# [Working data]
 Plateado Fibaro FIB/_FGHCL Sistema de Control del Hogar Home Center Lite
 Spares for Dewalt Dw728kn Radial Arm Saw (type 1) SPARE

--

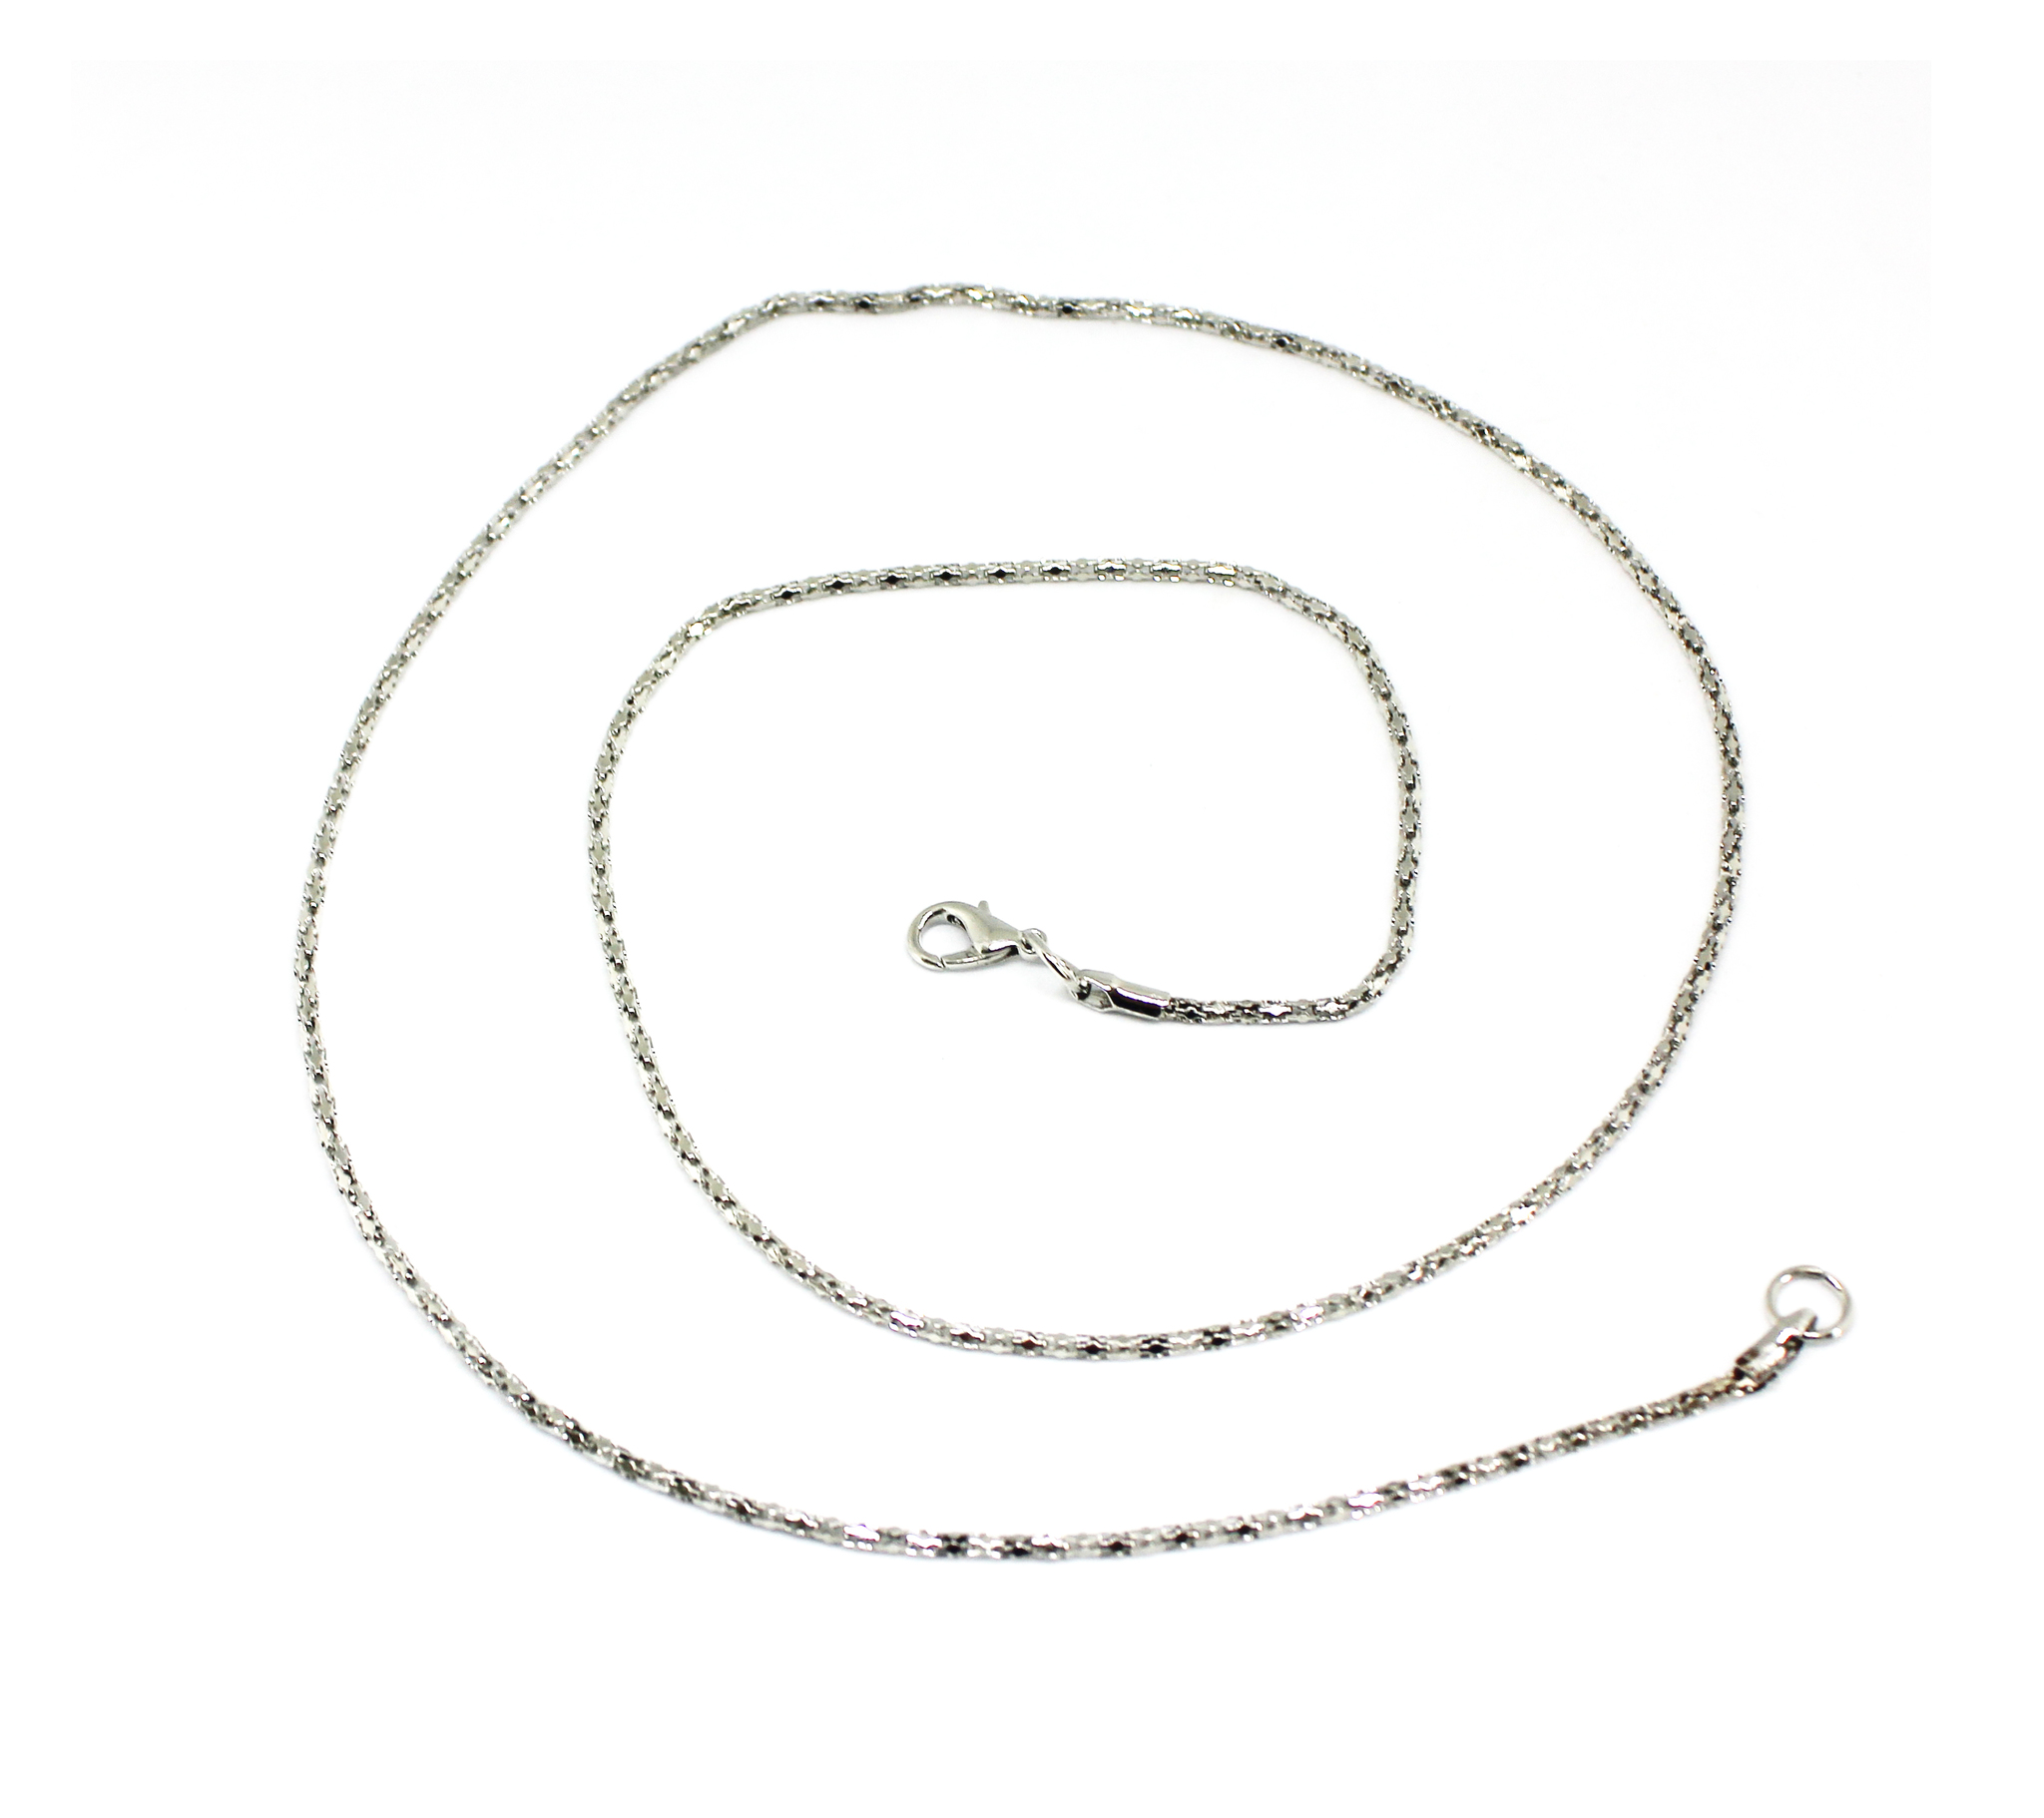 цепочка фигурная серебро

# [Task item]
Starting with the line with "Plateado Fibaro FIB/_FGHCL" above and going on through the line with "Spares for Dewalt", transcribe every line exactly, both ends included, and add nothing.

# [Reply]
 Plateado Fibaro FIB/_FGHCL Sistema de Control del Hogar Home Center Lite
 Spares for Dewalt Dw728kn Radial Arm Saw (type 1) SPARE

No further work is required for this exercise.